Success! We have all invoices that feature solely the album at hand! Now we just need to count them, and them compare that to the total number of songs purchased.

In [33]:
%%sql
WITH
large_album_tracks AS
    (
    SELECT *
    FROM album_tracks
    WHERE track_count > 3
    ),
album_invoice AS
    (
    SELECT lat.album_id, it.*
    FROM invoice_tracks it
    INNER JOIN large_album_tracks lat ON lat.tracks_featured = it.tracks_purchased
    )
SELECT COUNT(album_id)
FROM album_invoice;

 * sqlite:///chinook.db
Done.


COUNT(album_id)
110


Great!

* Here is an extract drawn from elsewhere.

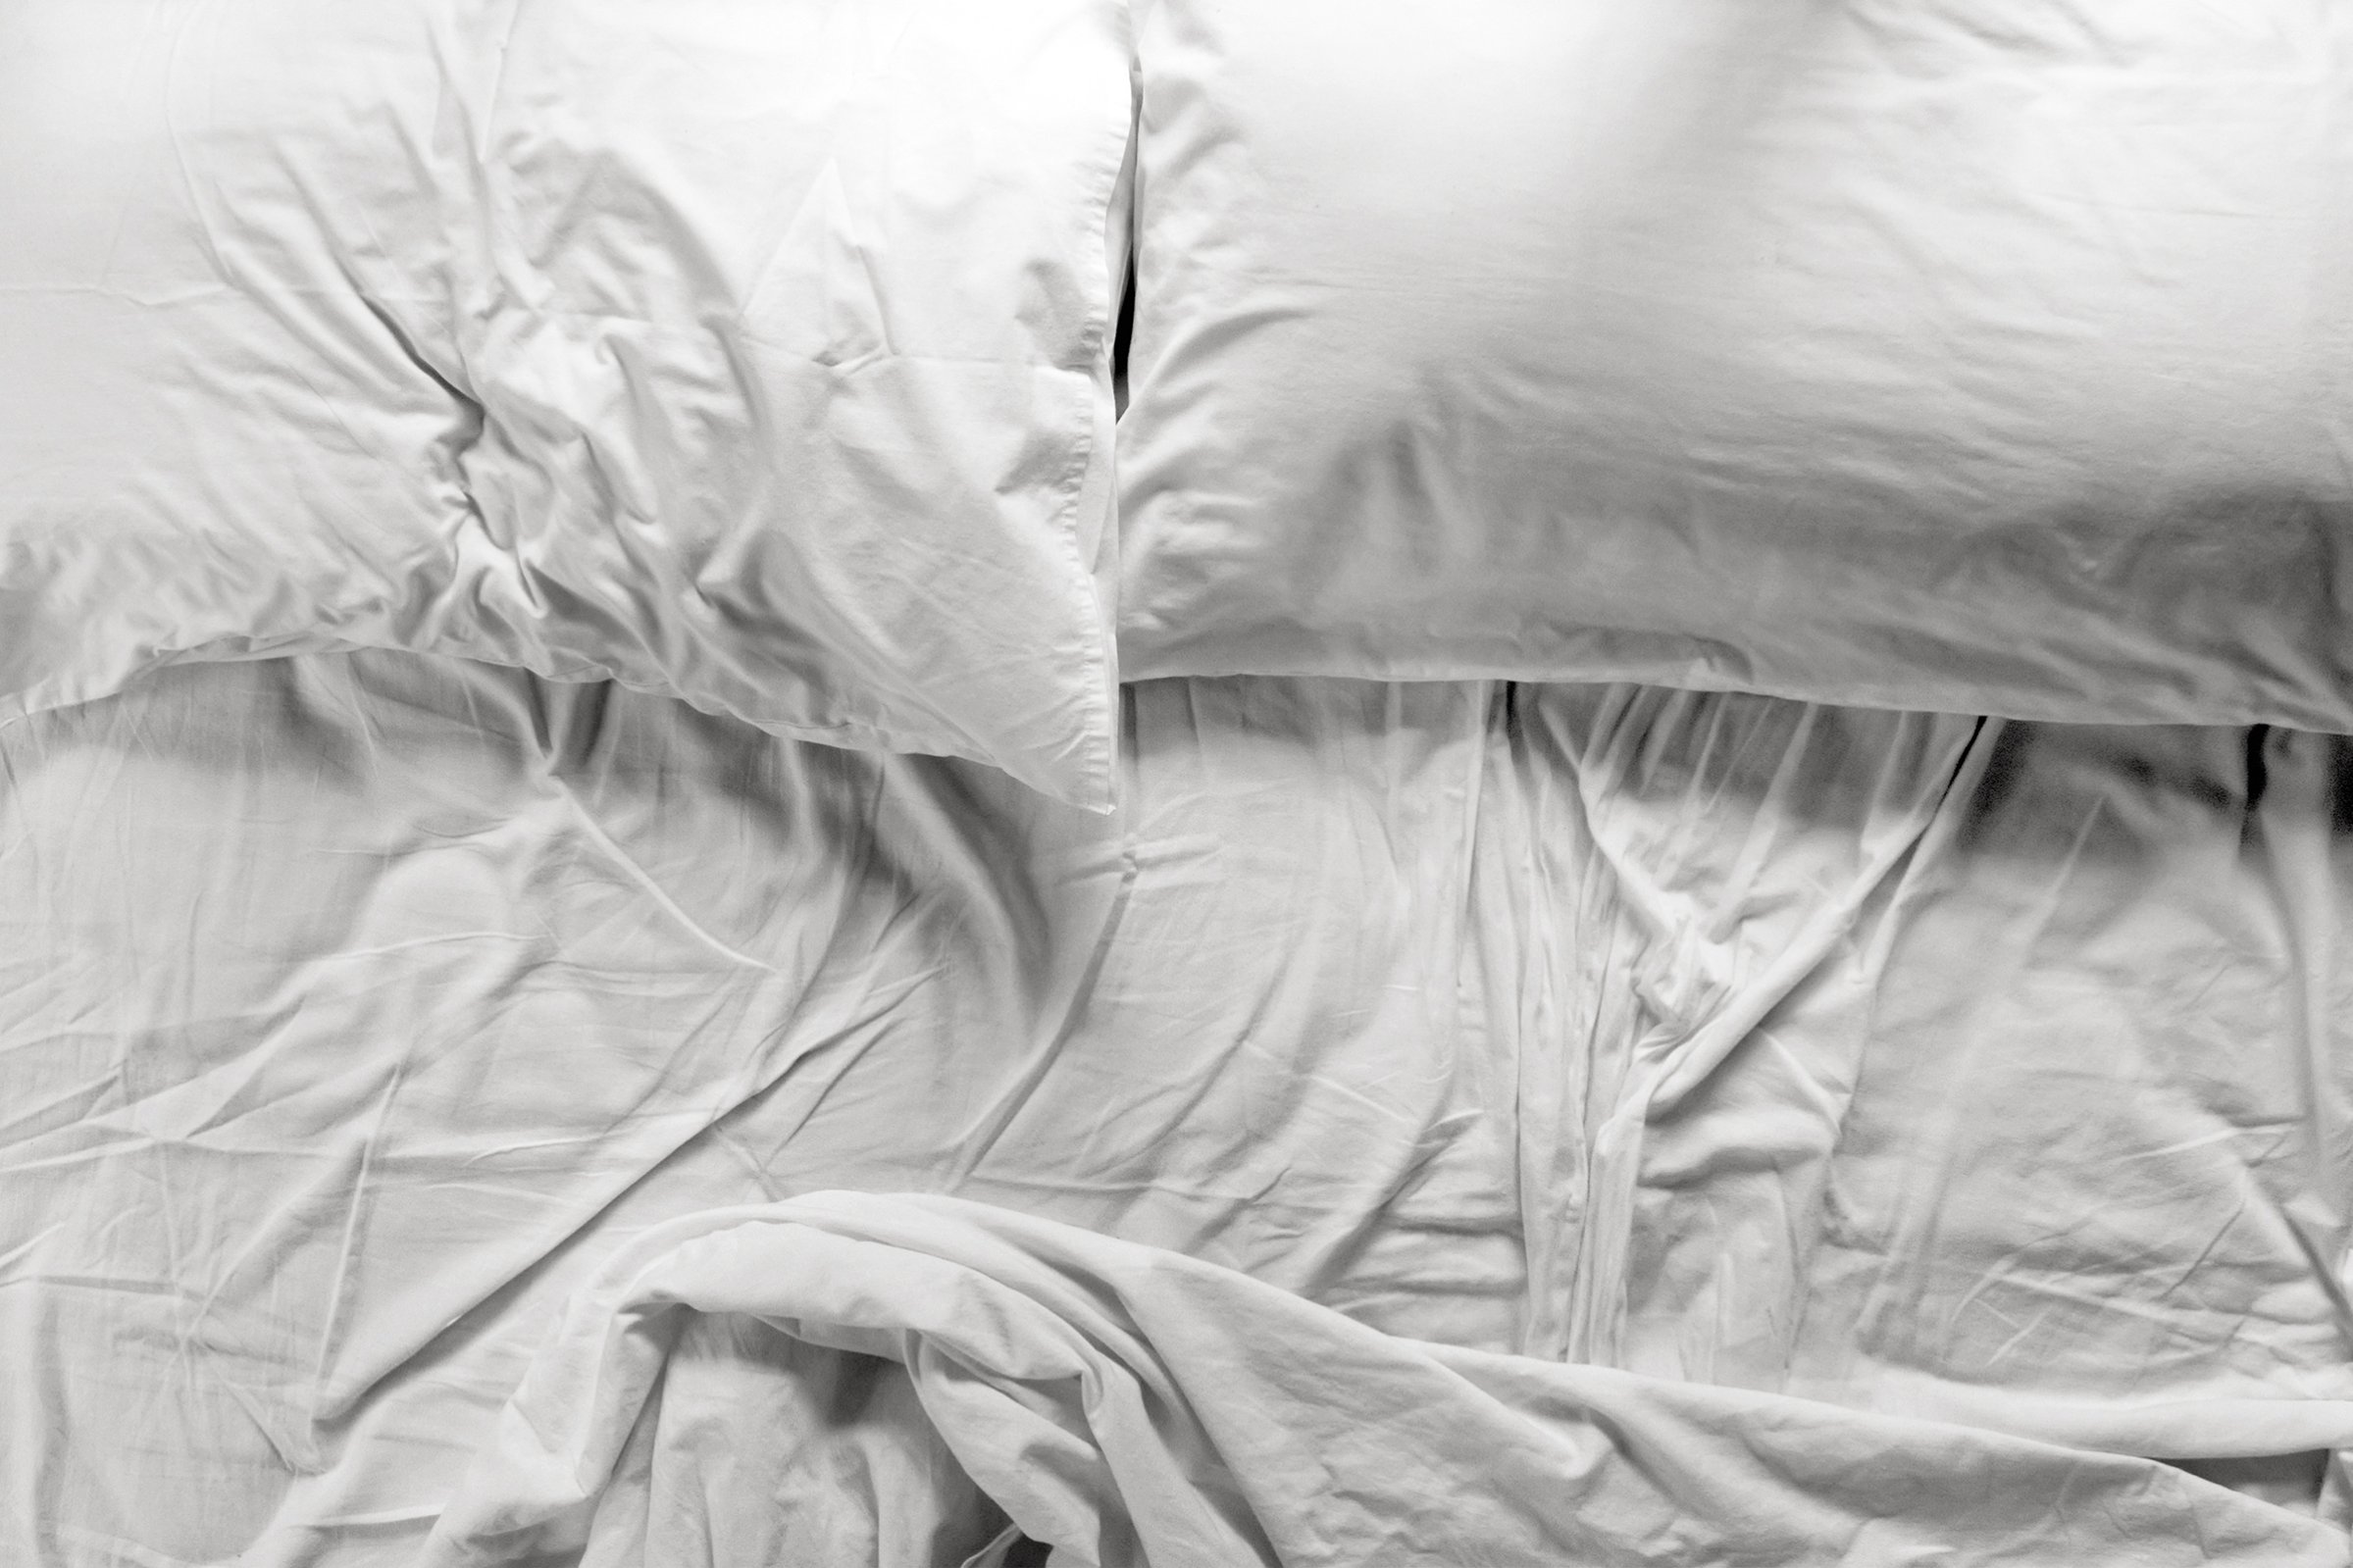 Unmade bed in a bedroom with two pillows and crumpled bed sheet

We know there are 110 invoices that are an album. Now we just need to know the total amount of invoices to find the percentage.

In [36]:
%%sql
SELECT COUNT(DISTINCT invoice_id)
FROM invoice_line;

 * sqlite:///chinook.db
Done.


COUNT(DISTINCT invoice_id)
614


There are 614 total invoices. That means that if 110 were album purchases, 514 were not. Seems like albums make up a small percentage of the total purchases.